------ Given data

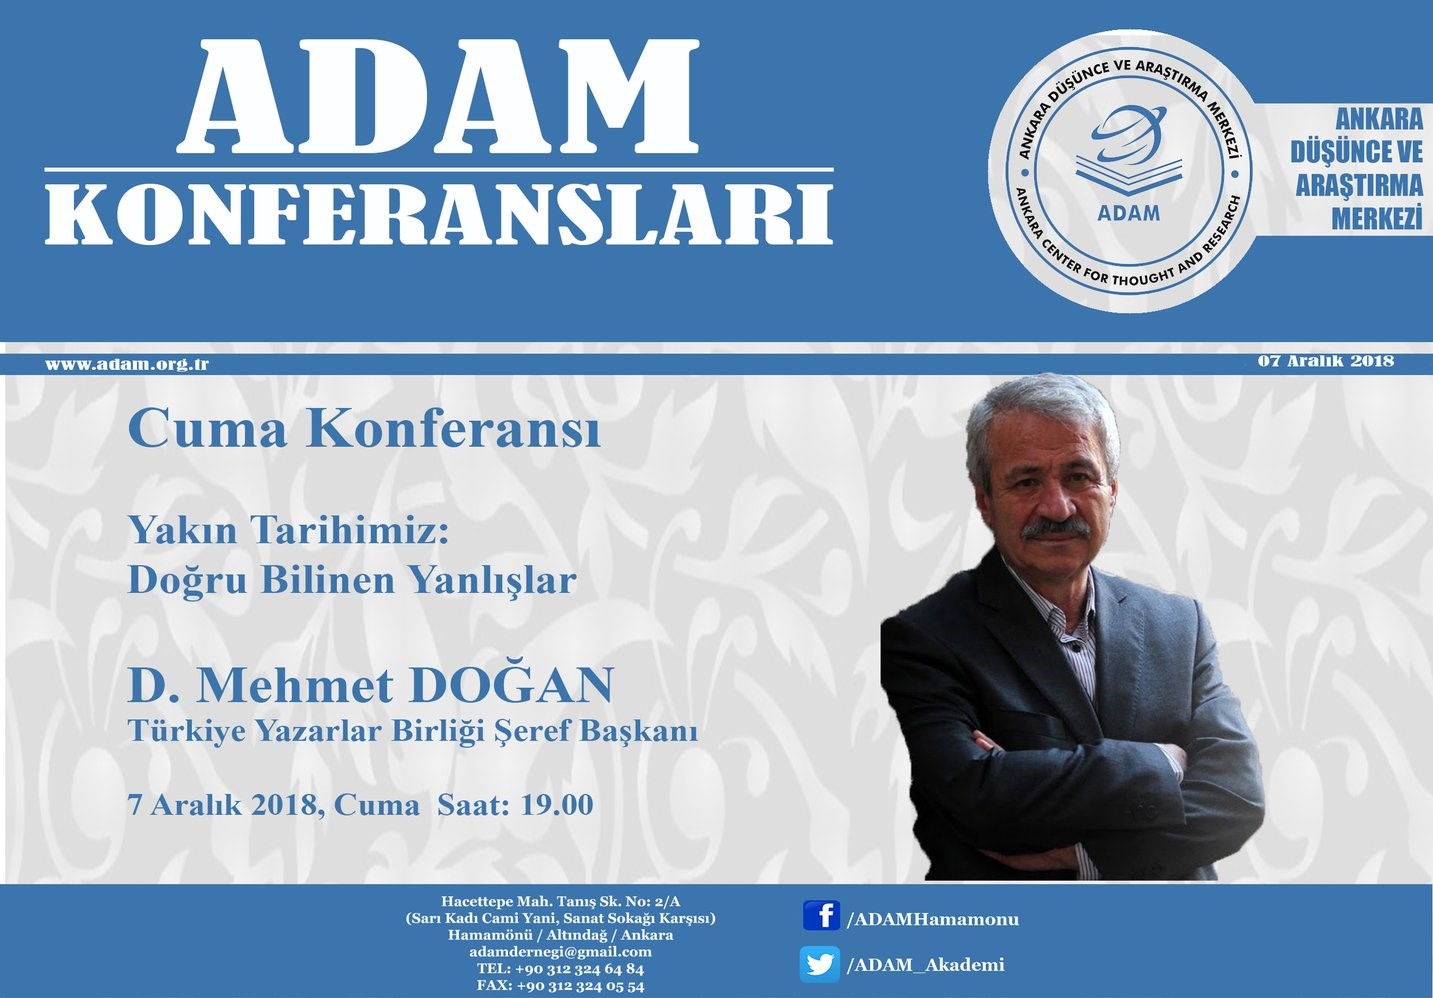 D. Mehmet Doğan ile Yakın Tarihimiz: Doğru Bilinen Yanlışlar
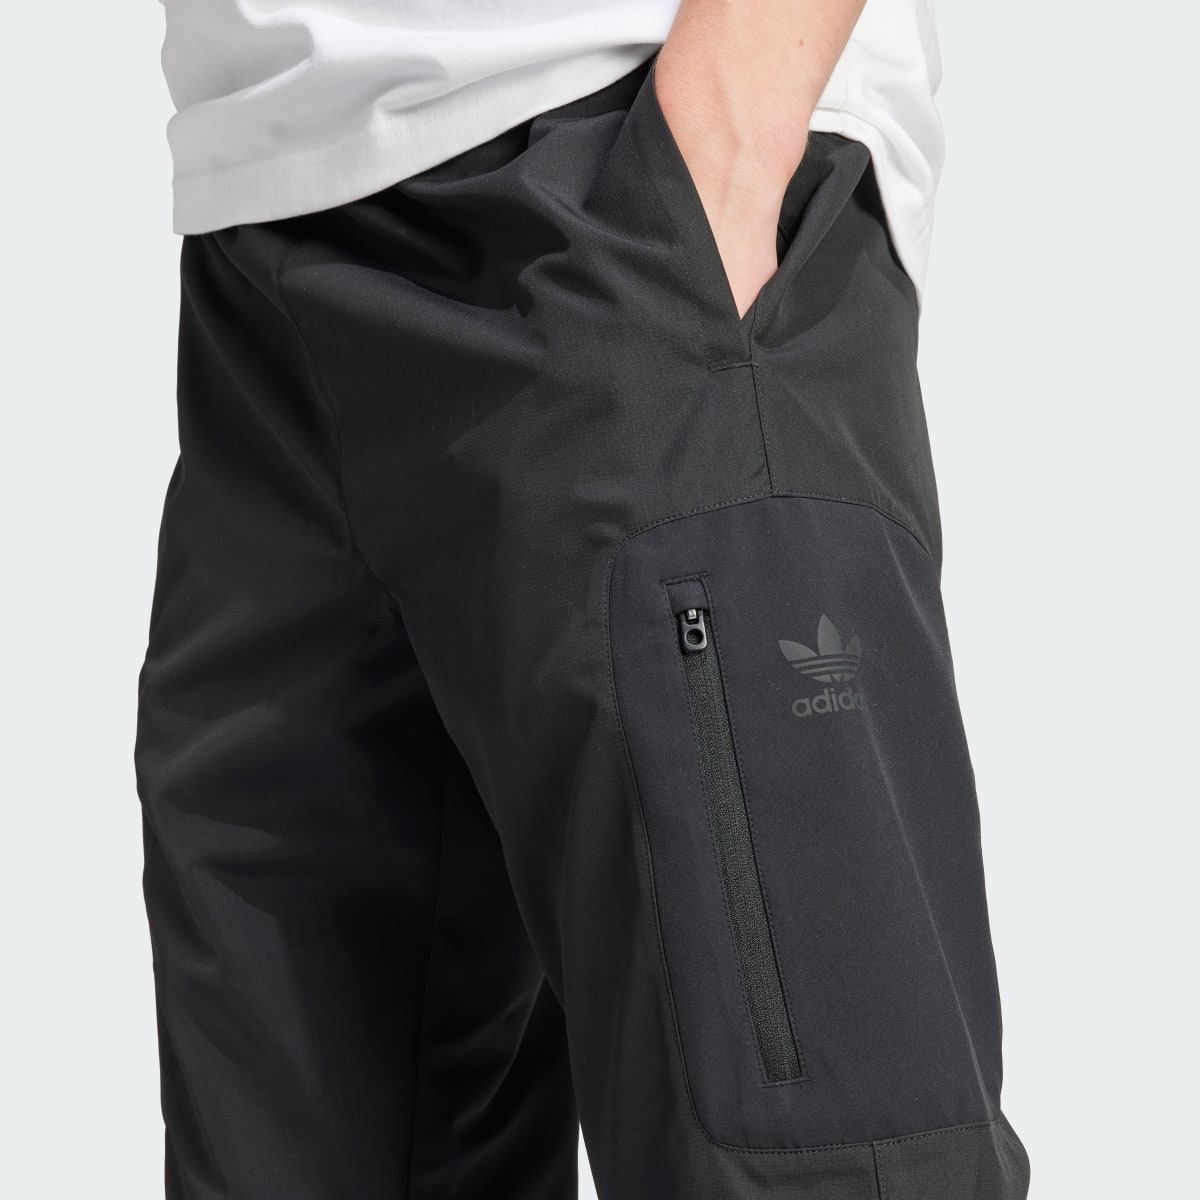 Adidas Utility Cargo Pantolon. 5
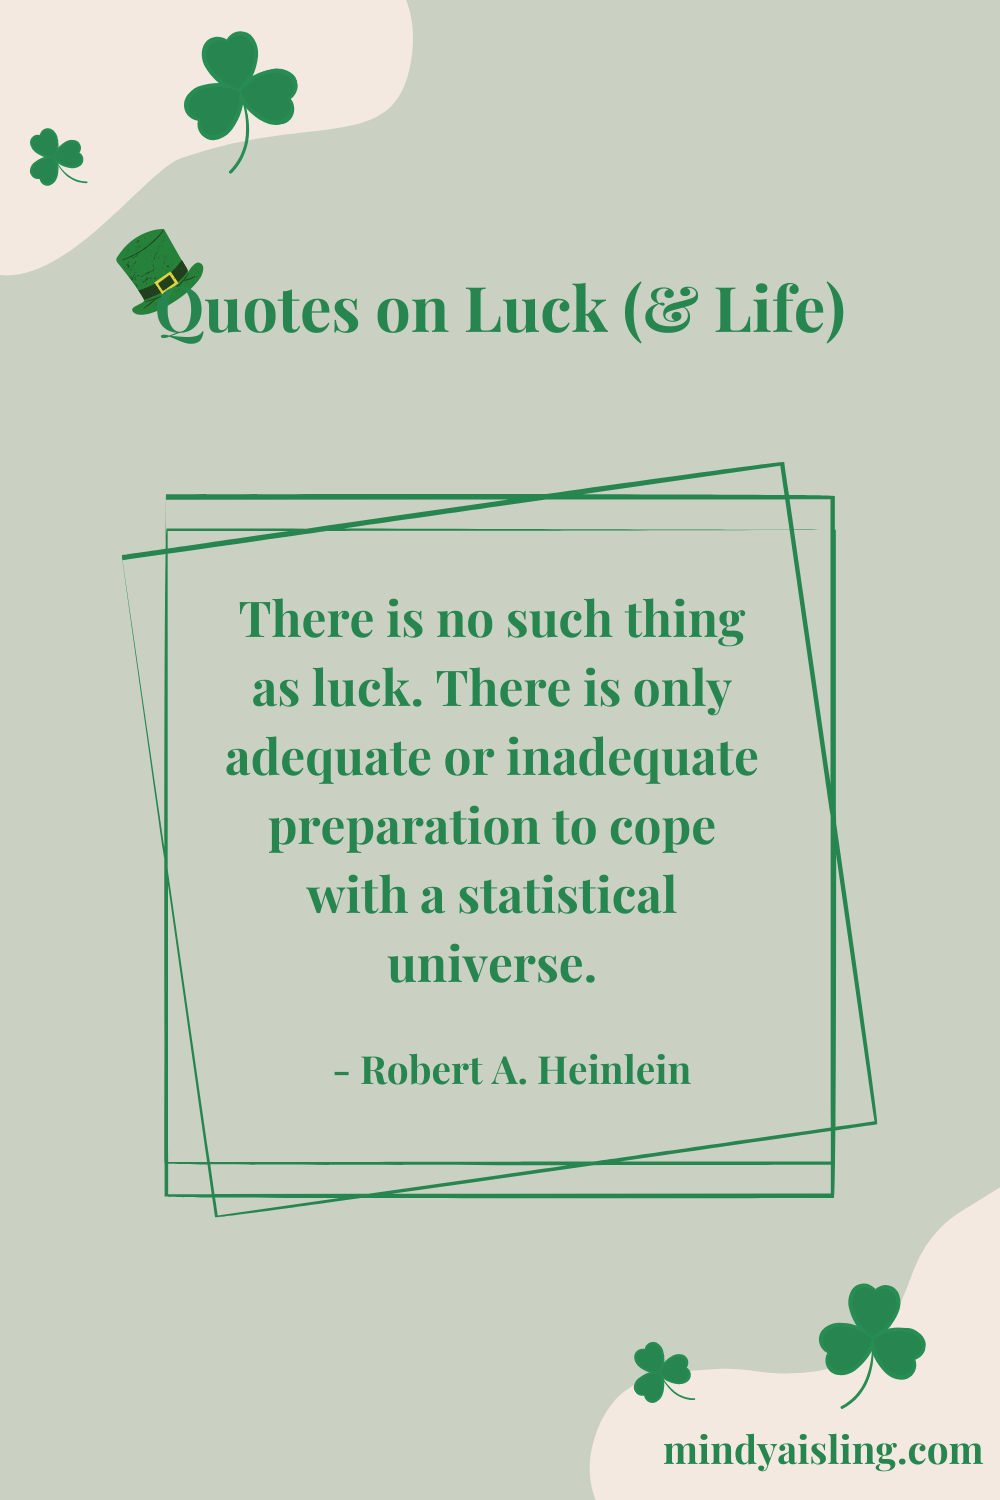 Robert A. Heinlein Quote

------------

> [Problem details] Please copy the data above exactly; the pictures do not belong in the copy.

> [Response below]
 D. Mehmet Doğan ile Yakın Tarihimiz: Doğru Bilinen Yanlışlar
 Adidas Utility Cargo Pantolon. 5
 Robert A. Heinlein Quote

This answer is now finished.